# **Lasso Regression**

# Lasso Regression (L1 Regularization)

Lasso (Least Absolute Shrinkage and Selection Operator) is a linear regression technique that performs both regularization and variable selection to enhance prediction accuracy and interpretability.

### 1. Mathematical Objective
Lasso minimizes the sum of squared residuals plus a penalty proportional to the sum of the absolute values of the coefficients:

$$ \min_{\beta} \left\{ \sum_{i=1}^{n} (y_i - \beta_0 - \sum_{j=1}^{p} x_{ij}\beta_j)^2 + \lambda \sum_{j=1}^{p} |\beta_j| \right\} $$

Where:
- $\lambda \ge 0$ is the regularization parameter (often called `alpha` in libraries like scikit-learn).
- $\lambda \sum_{j=1}^{p} |\beta_j|$ is the **L1 penalty**.
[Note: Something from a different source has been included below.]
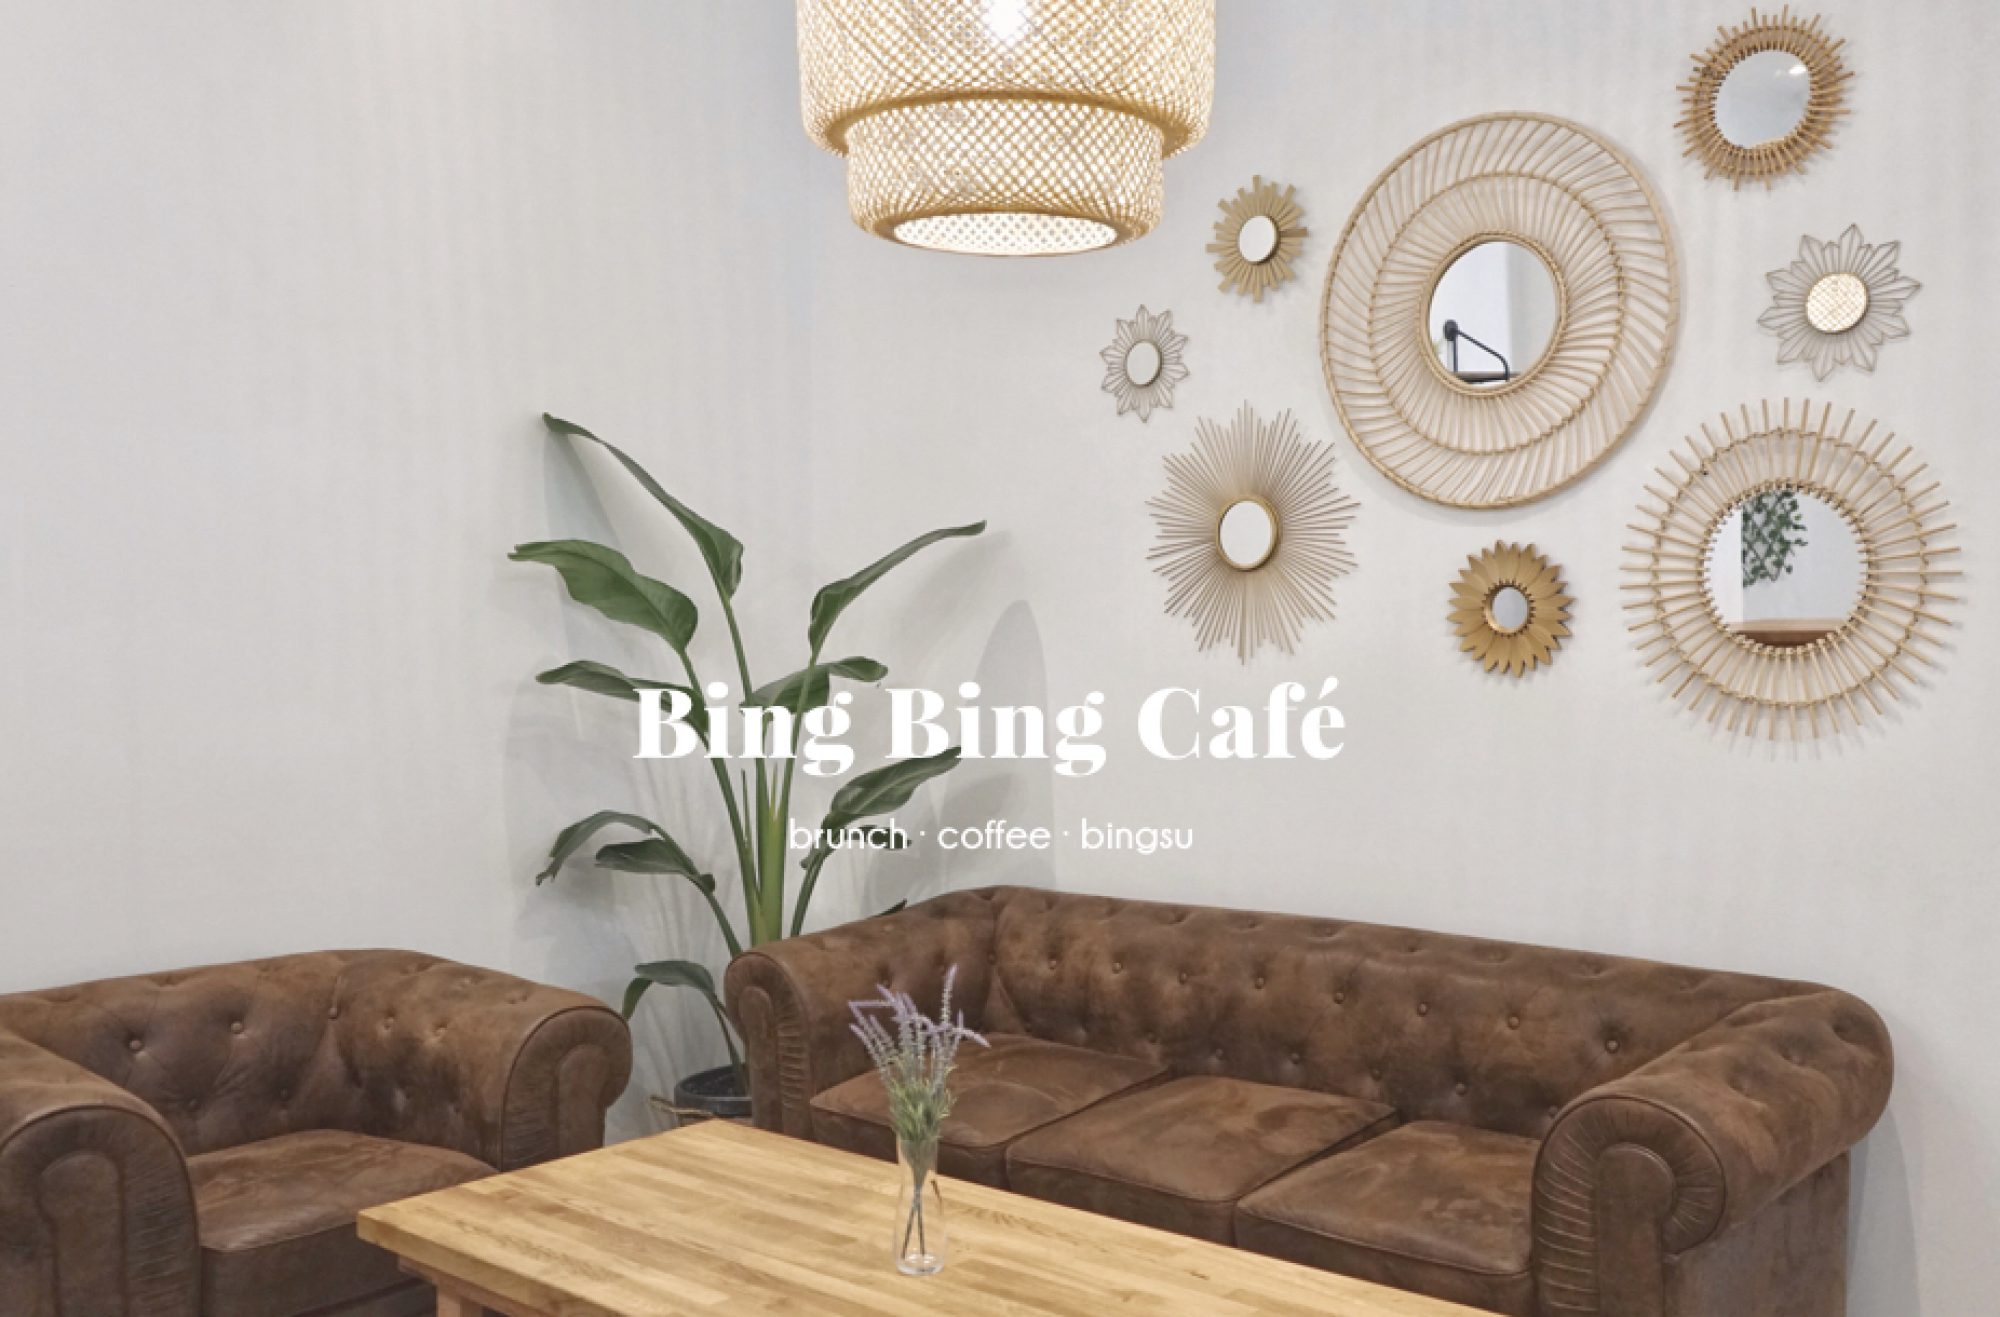 Bing Bing Café

### 2. Key Characteristics
*   **Feature Selection:** Unlike Ridge (L2), Lasso can shrink coefficients to exactly zero, effectively performing automatic feature selection.
*   **Sparsity:** It produces "sparse" models, which are easier to interpret in high-dimensional datasets.
*   **Scaling Requirement:** Since the penalty is based on the magnitude of coefficients, features must be standardized (mean=0, variance=1) before fitting.

### 3. Bias-Variance Trade-off
*   **Increasing $\lambda$:** Increases bias but decreases variance (prevents overfitting).
*   **Decreasing $\lambda$:** Decreases bias but increases variance (approaches OLS).